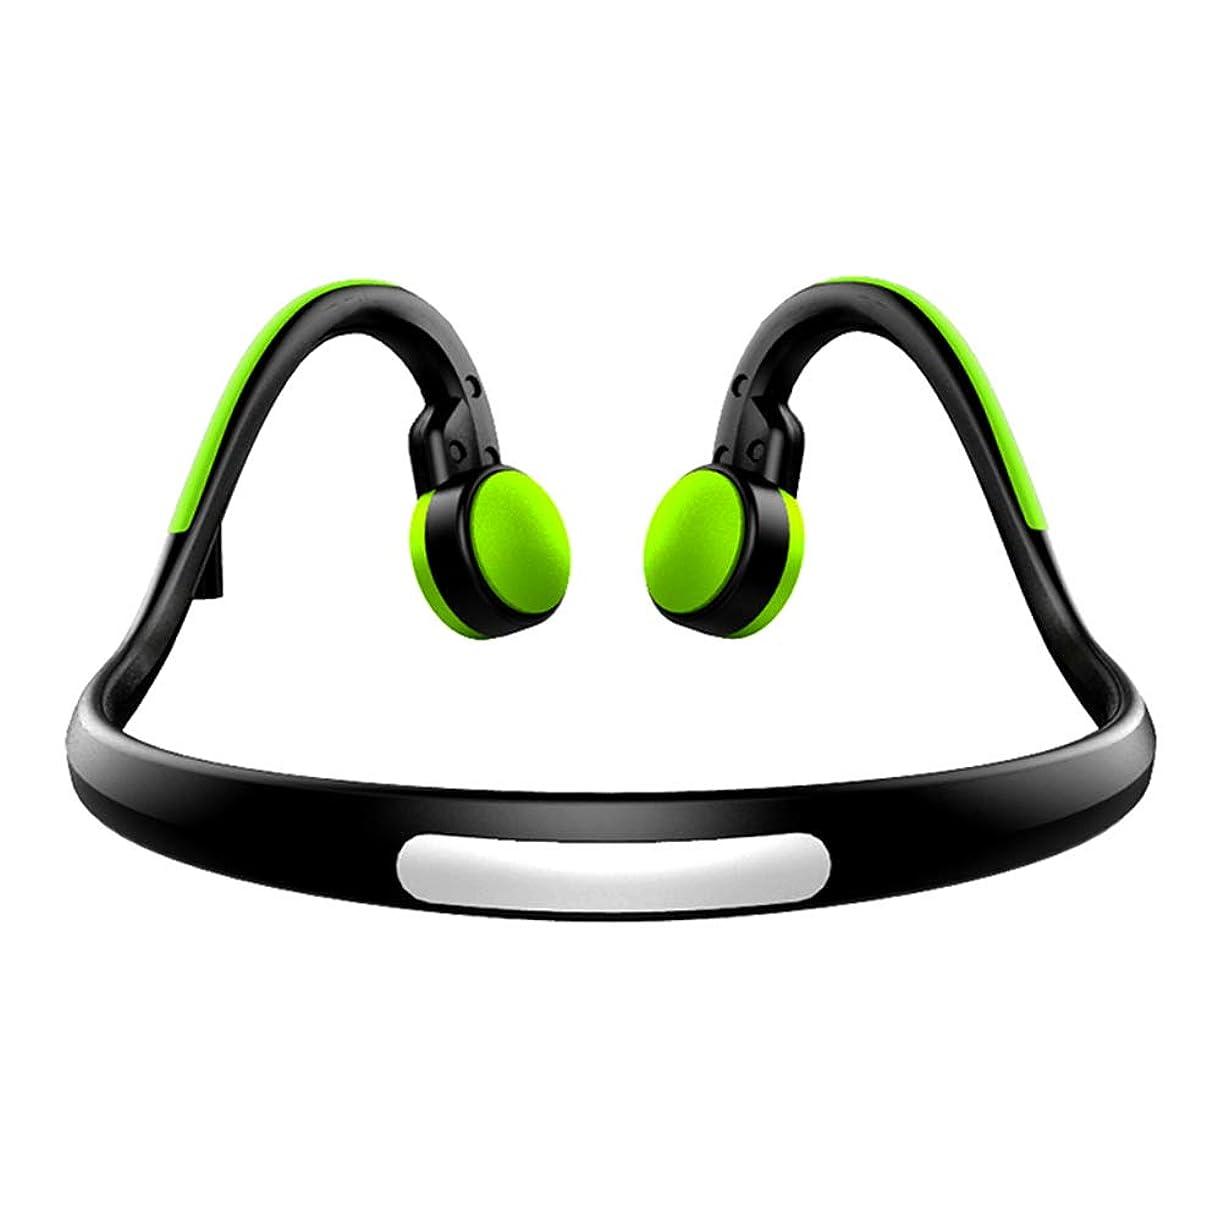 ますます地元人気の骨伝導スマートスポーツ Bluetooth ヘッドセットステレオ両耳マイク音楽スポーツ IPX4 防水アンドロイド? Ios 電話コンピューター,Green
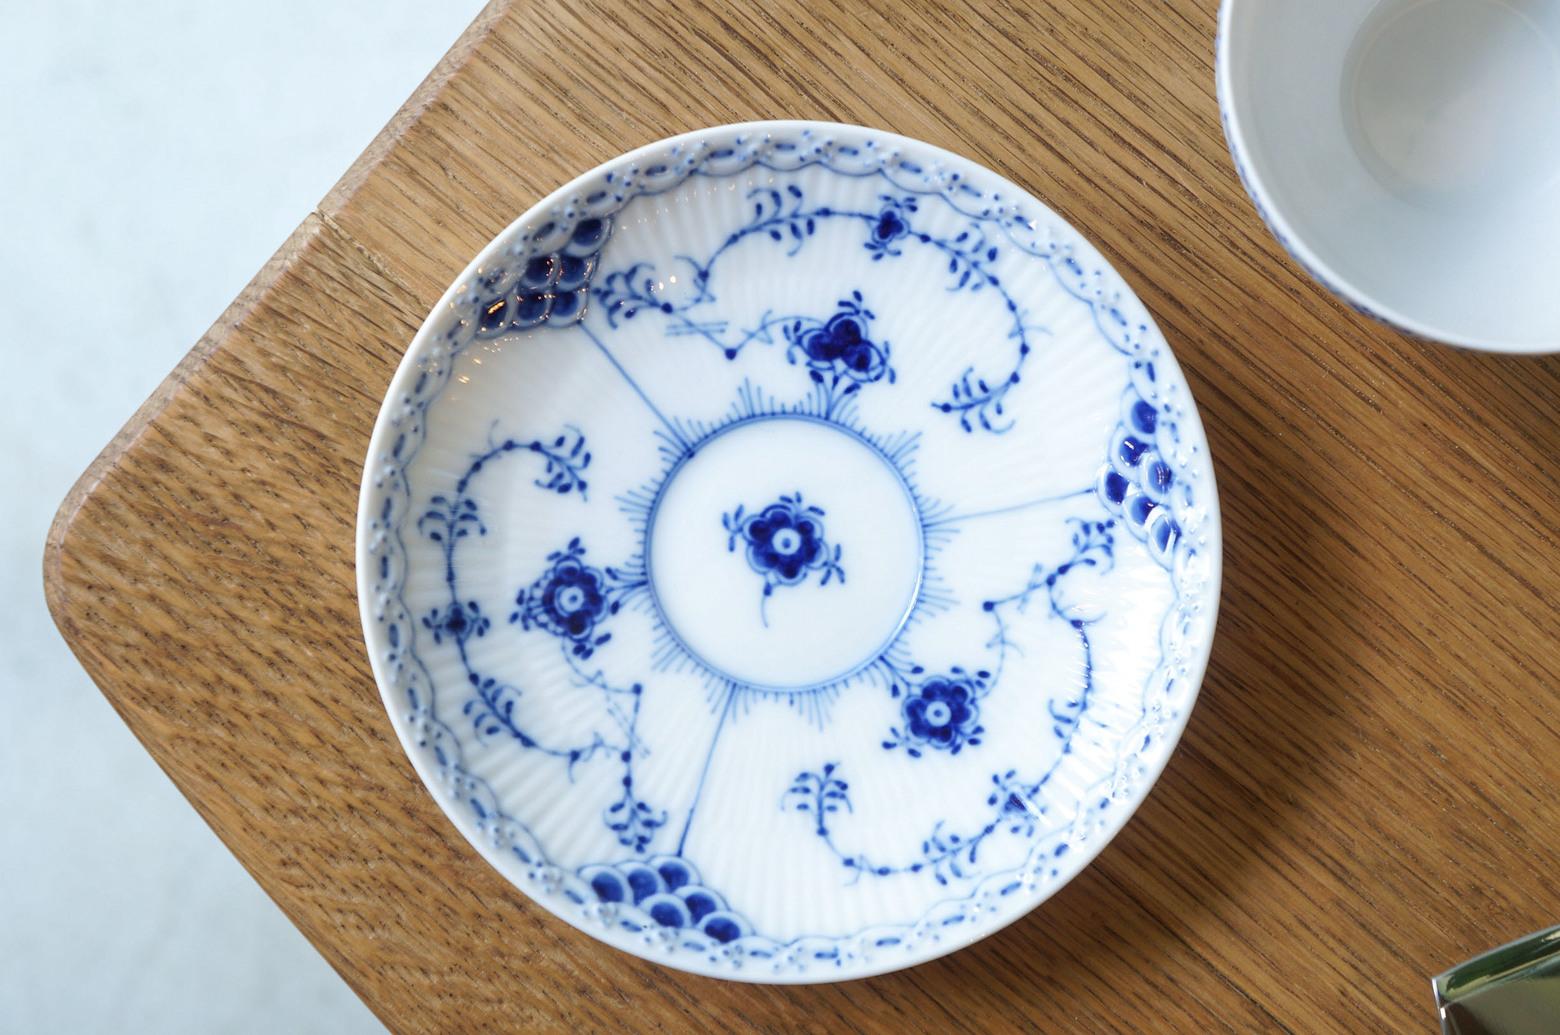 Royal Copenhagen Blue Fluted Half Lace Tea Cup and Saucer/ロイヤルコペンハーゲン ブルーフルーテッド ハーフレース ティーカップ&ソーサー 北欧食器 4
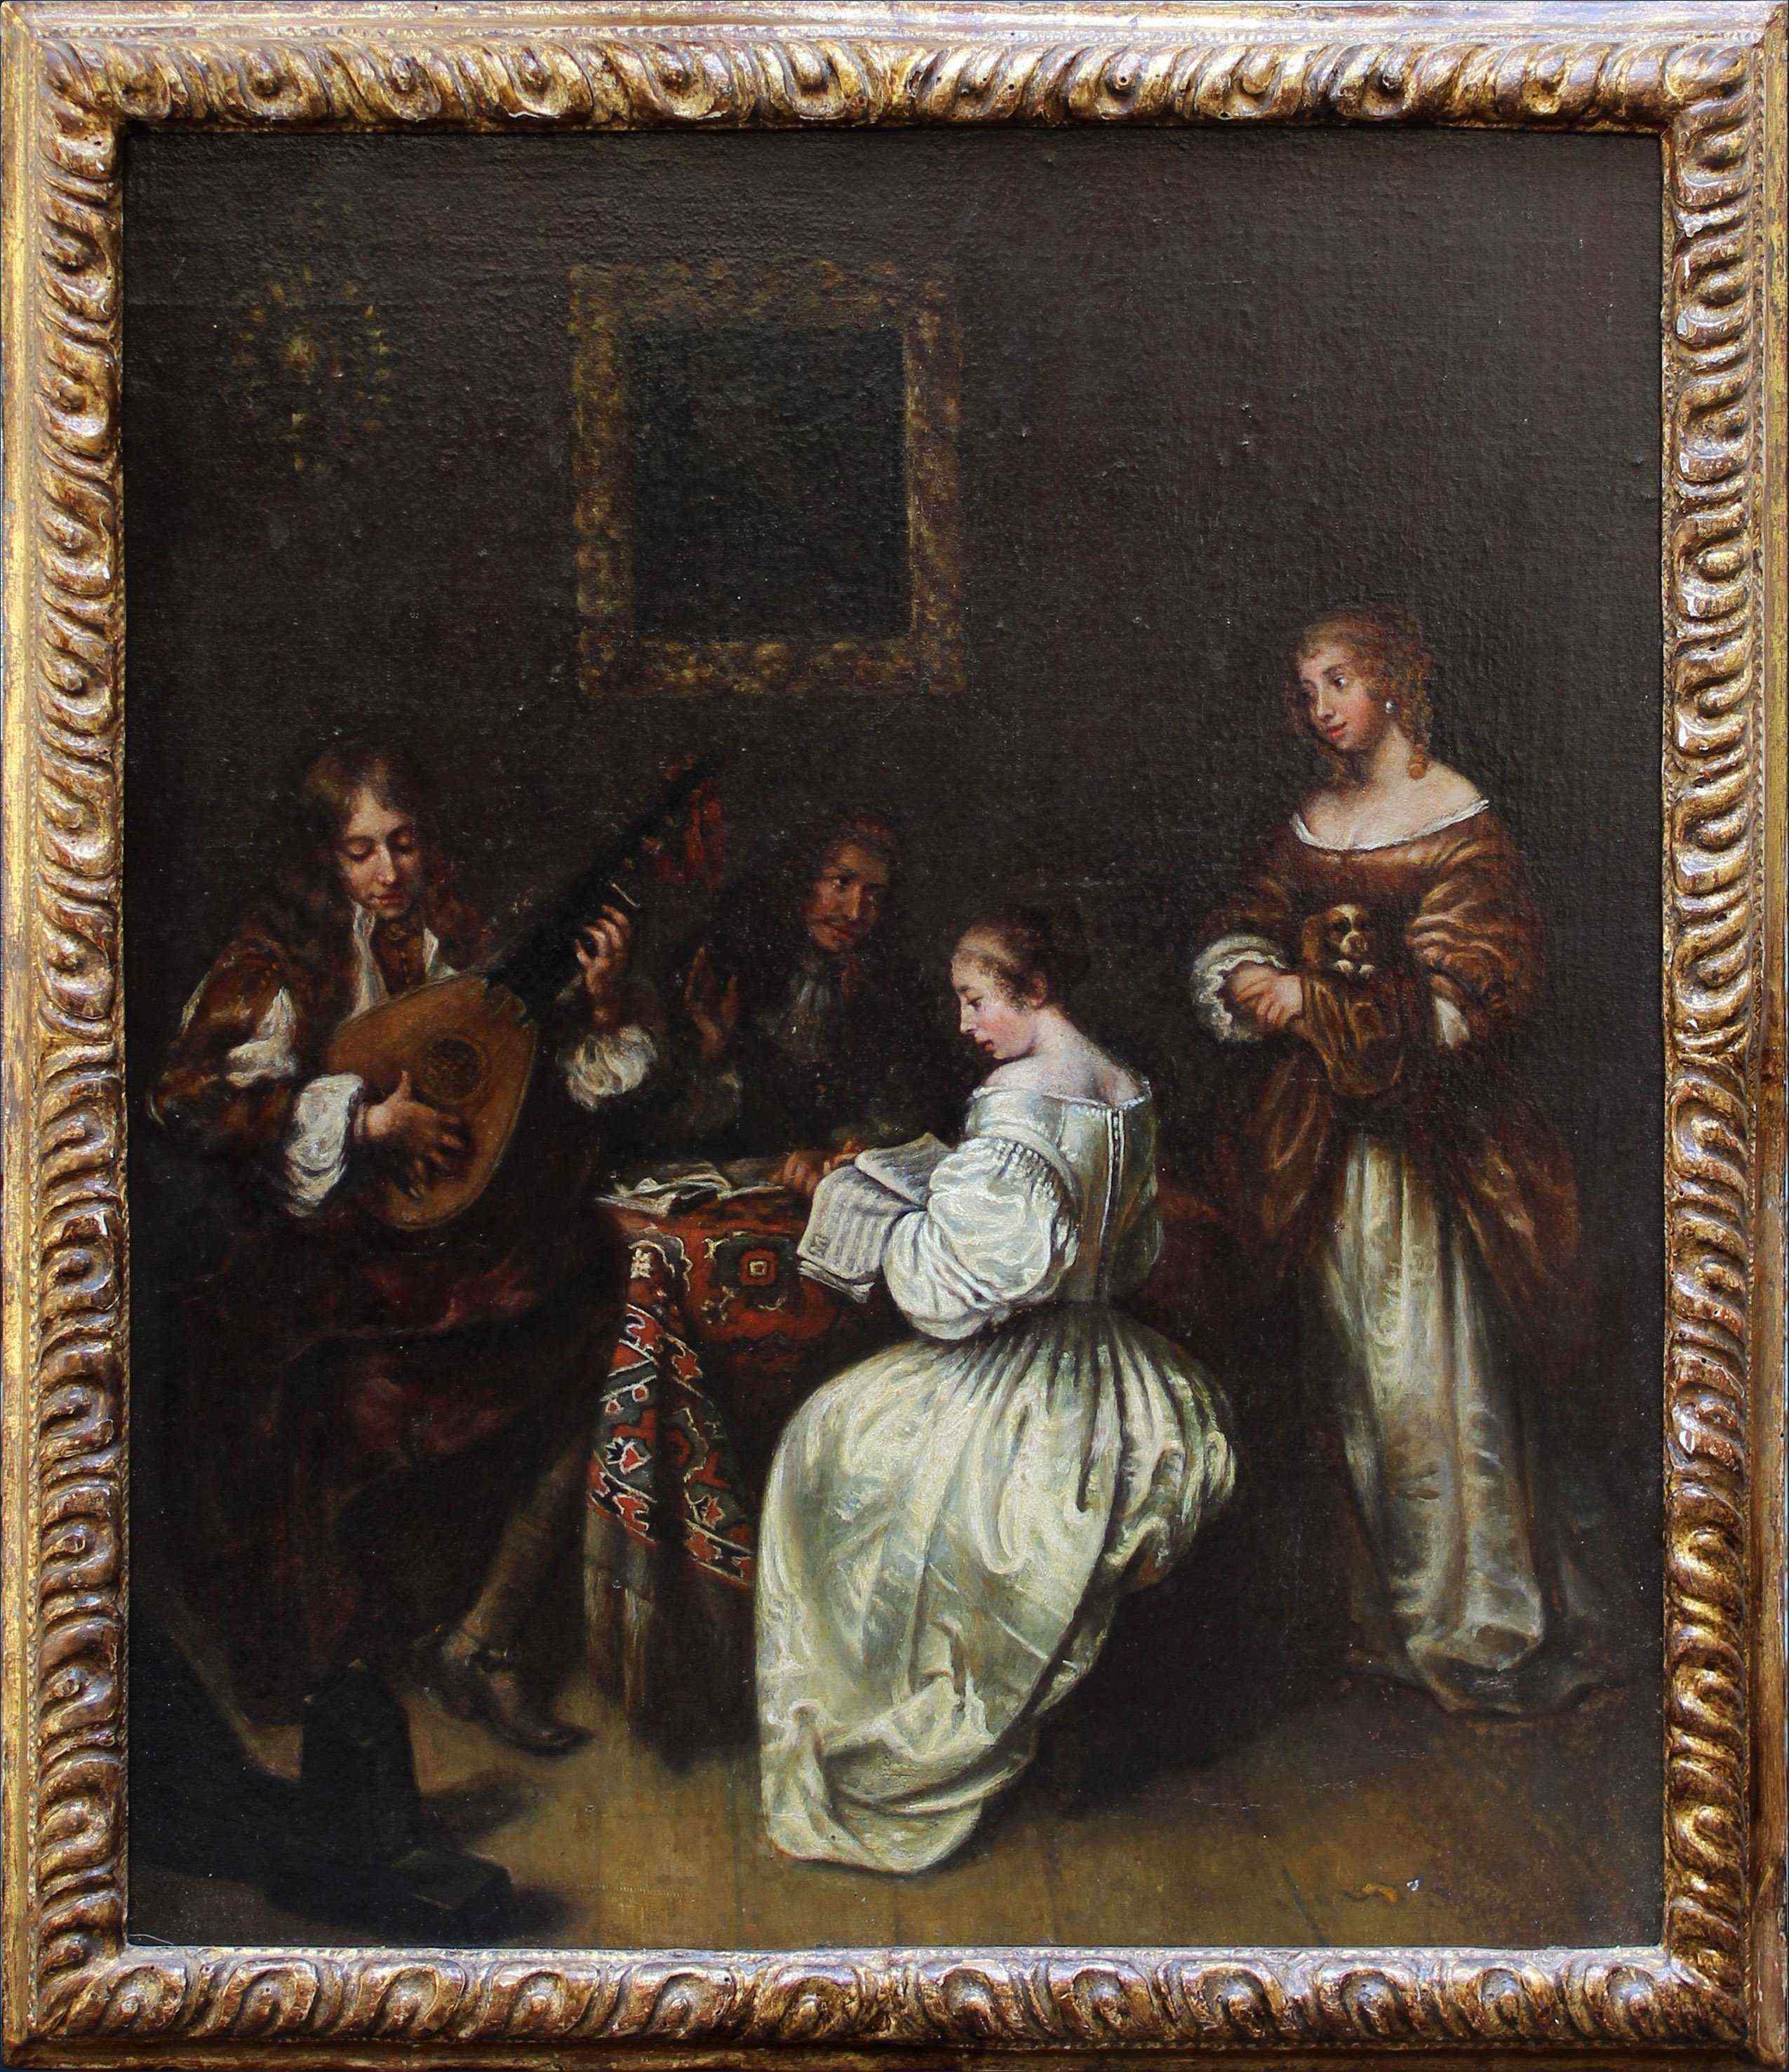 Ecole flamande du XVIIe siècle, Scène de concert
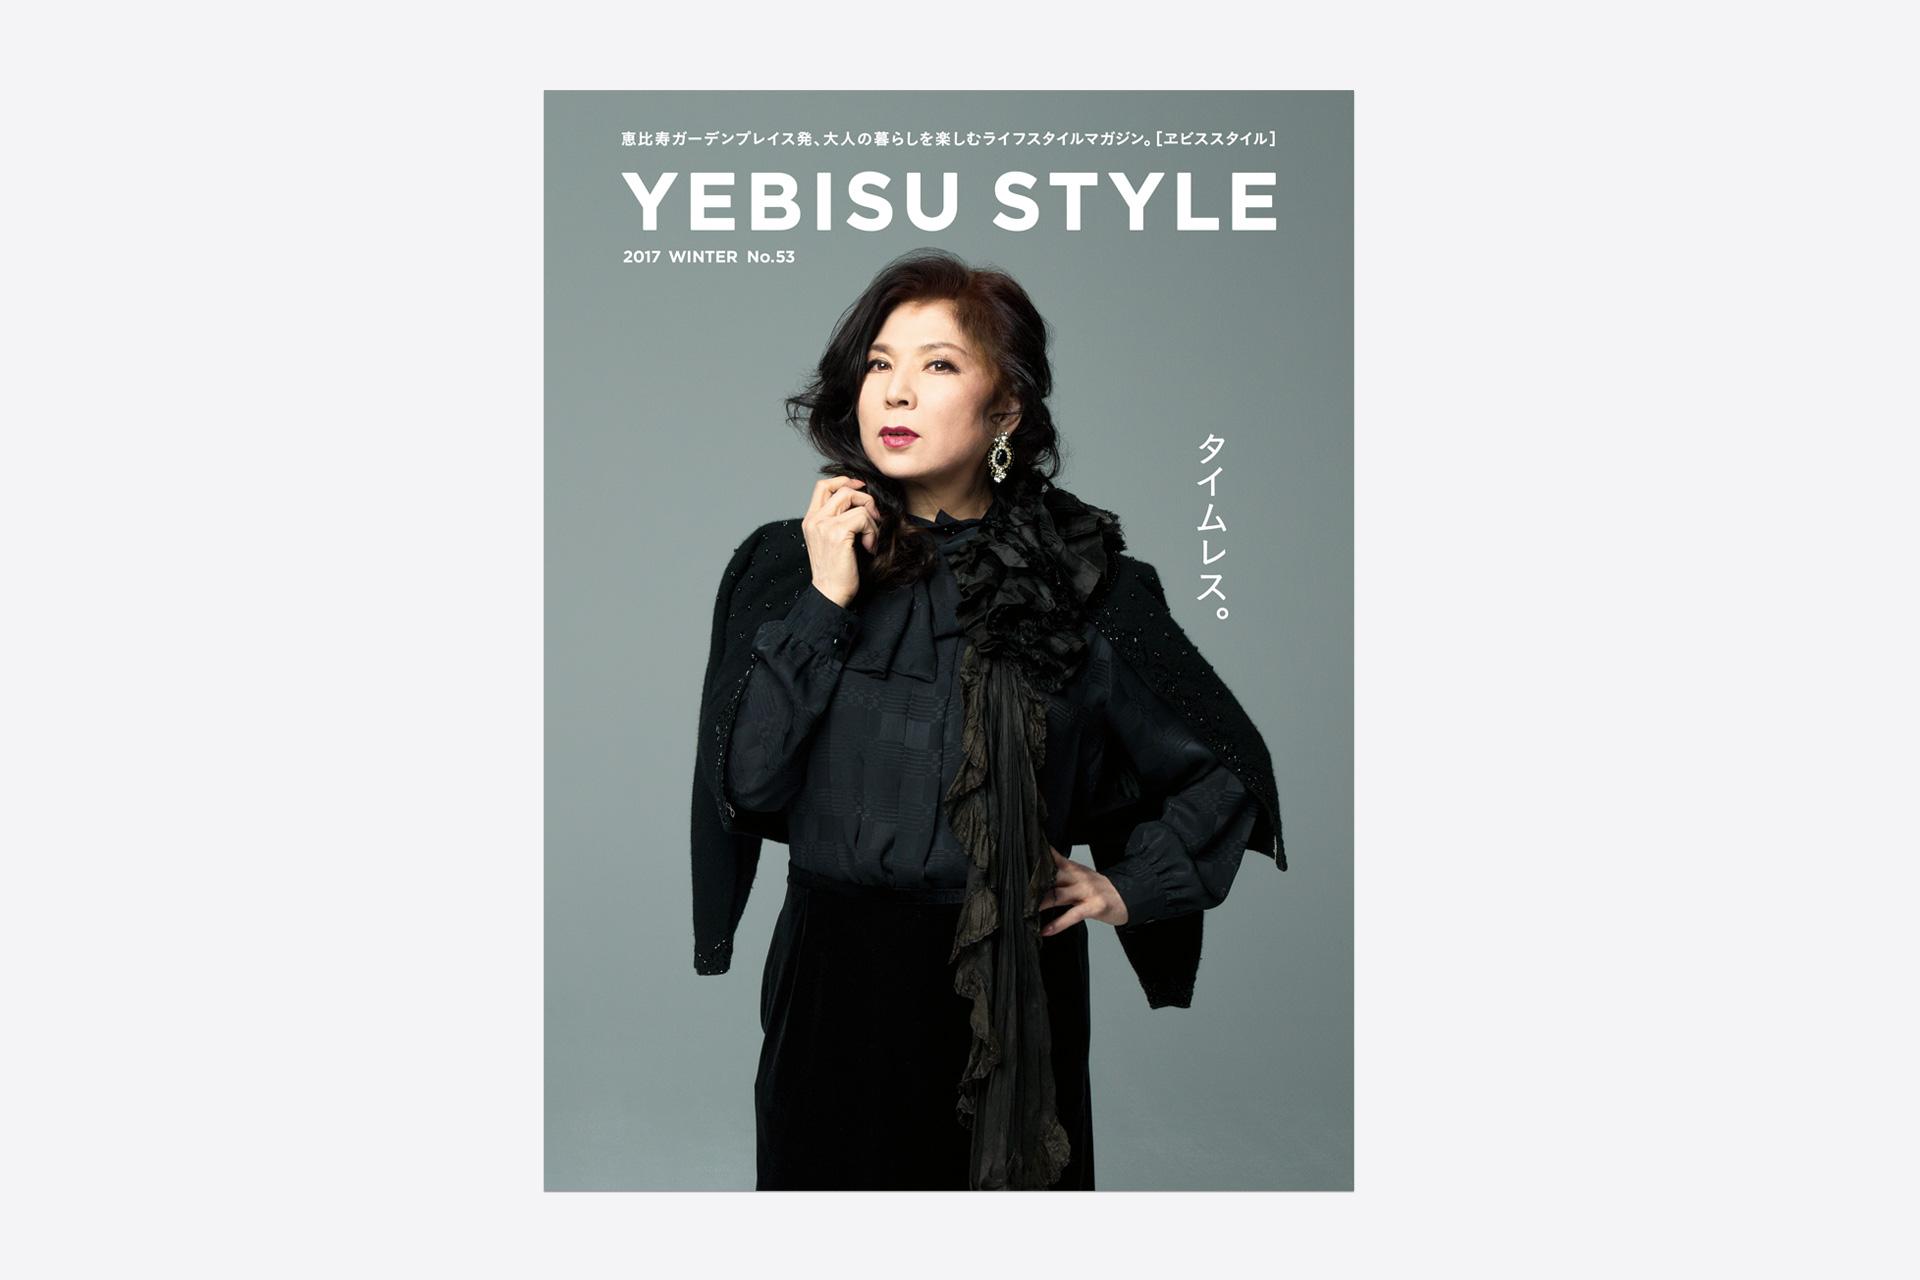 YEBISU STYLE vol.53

### ASSIGNMENT:
When you retype the data above, match every line exactly and leave the pictures behind.

### ANSWER BOX:
 ますます地元人気の骨伝導スマートスポーツ Bluetooth ヘッドセットステレオ両耳マイク音楽スポーツ IPX4 防水アンドロイド? Ios 電話コンピューター,Green
 Royal Copenhagen Blue Fluted Half Lace Tea Cup and Saucer/ロイヤルコペンハーゲン ブルーフルーテッド ハーフレース ティーカップ&ソーサー 北欧食器 4
 Ecole flamande du XVIIe siècle, Scène de concert
 YEBISU STYLE vol.53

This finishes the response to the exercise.